Advocating for the Vulnerable

Can you see Jesus as a social worker?

Carolina Ramírez
Advocating for the Vulnerable

Have you earnestly searched for an answer but found none? Have you prayed for a clear path to move forward but noticed no clarity ahead? At that moment I would have been thankful for such uncertainty. Regrettably, God had rather soundly and conspicuously shared His decision, and the answer was a resounding “no.” As much as I wanted to deny it, even I had to acknowledge that the door of academic opportunity had miraculously closed. 

Matthew 7:3-5 has been vital in my understanding of the experience: “And why do you look at the speck in your brother’s eye, but do not consider the plank in your own eye? Or how can you say to your brother, ‘Let me remove the speck from your eye’; and look, a plank is in your own eye? Hypocrite! First remove the plank from your own eye, and then you will see clearly to remove the speck from your brother’s eye.” 

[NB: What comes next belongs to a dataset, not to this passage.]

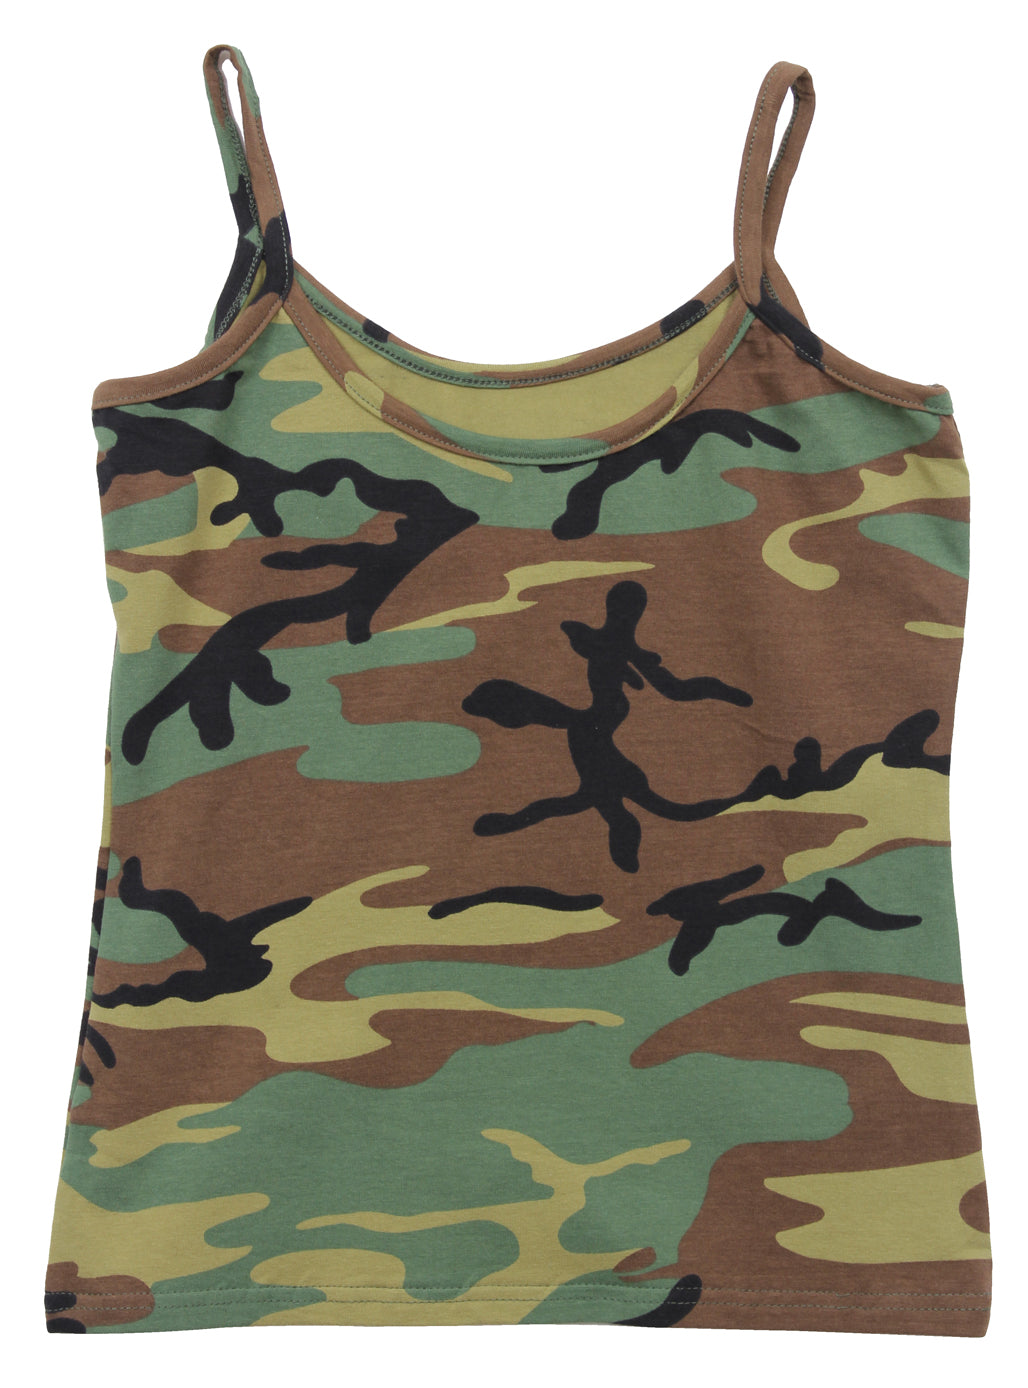 Woodland Camo "Booty Camp" Booty Shorts & Tank Top

When God redirected my academic life, He did so by providing the financial and practical means to study social work. I fought God every semester until I graduated with a Master of Social Work degree. I got my clinical social work license, but I could not see why. During the early years of my career I persisted in my hope that God would miraculously steer me in a different direction. To my surprise, there was no change in plans. God had indeed given His final answer. I have come to read Matthew 7:3-5 as God’s loving invitation to remove the plank from my eye. My plank was pride. I had wanted to spend my life doing something a little more—prestigious. Instead I was thrust into a profession focused on meeting the basic human needs of the most vulnerable and oppressed. 

For the Least of These

As a clinical social worker I have worked in an inpatient psychiatric hospital with those experiencing a psychiatric emergency. I have had the privilege of serving in a hospice and palliative-care setting, spending time with the dying and those who must endure the pain of losing a loved one. I have spent years as a psychotherapist, supporting those struggling with interpersonal problems, addiction, and other issues that impact their lives. Most recently I have focused on oncology social work, where I work with those diagnosed with cancer to support their emotional well-being and that of their family. Daily I can practice social work’s core values of (1) service; (2) working toward social change, particularly with and on behalf of the vulnerable and oppressed; (3) respect for the dignity and worth of the person; (4) the importance of human relationships; (5) integrity; and (6) competence. 

As I look back on my social work career, I find a second application of Matthew 7:3-5. More than once I have been tempted to think that my “experience” and education allow me to guide an individual seeking help. Jesus’ words, however, caution me against that temptation. He asks me to pause so that I may see my shortcomings, faults, and struggles. He asks me to see that despite those shortcomings, He can use my feeble efforts so others may experience grace, forgiveness, and peace. 

Beyond Regrets

It’s not unusual for my clients to speak about regret. I worked with a man who was very ill and very lonely. His guilt and shame were more overwhelming than the physical pain and daily deterioration he experienced. Since I was working for an organization that welcomed spiritual conversations, I asked if he believed in a forgiving God. The answer was slow and painful: “I have nothing else. I have to believe.” With those short sentences he put away his pride and opened the door to God’s direction. We talked about human failing and divine power; humans being adrift but God firmly in control. That was one of several moments in my career when God quietly whispered in my ear: Remove the plank from your own eye, and then you will see clearly to remove the speck from your brother’s eye. At the end of that session, I spent some time alone with God and submissively acknowledged that His plans are infinitely better than mine. I am still thankful for God’s final answer. 

What plans do you have? What plans does God have for you? As you consider the road ahead, I pray that you may spend time seeking an answer from above. He will help you clearly see how you can find meaning and purpose in your life. You will not be disappointed.

Carolina Ramírez

Carolina Ramírez leads an oncology social work department at a hospital in Baltimore. She lives with her husband, Sam, in Columbia, Maryland.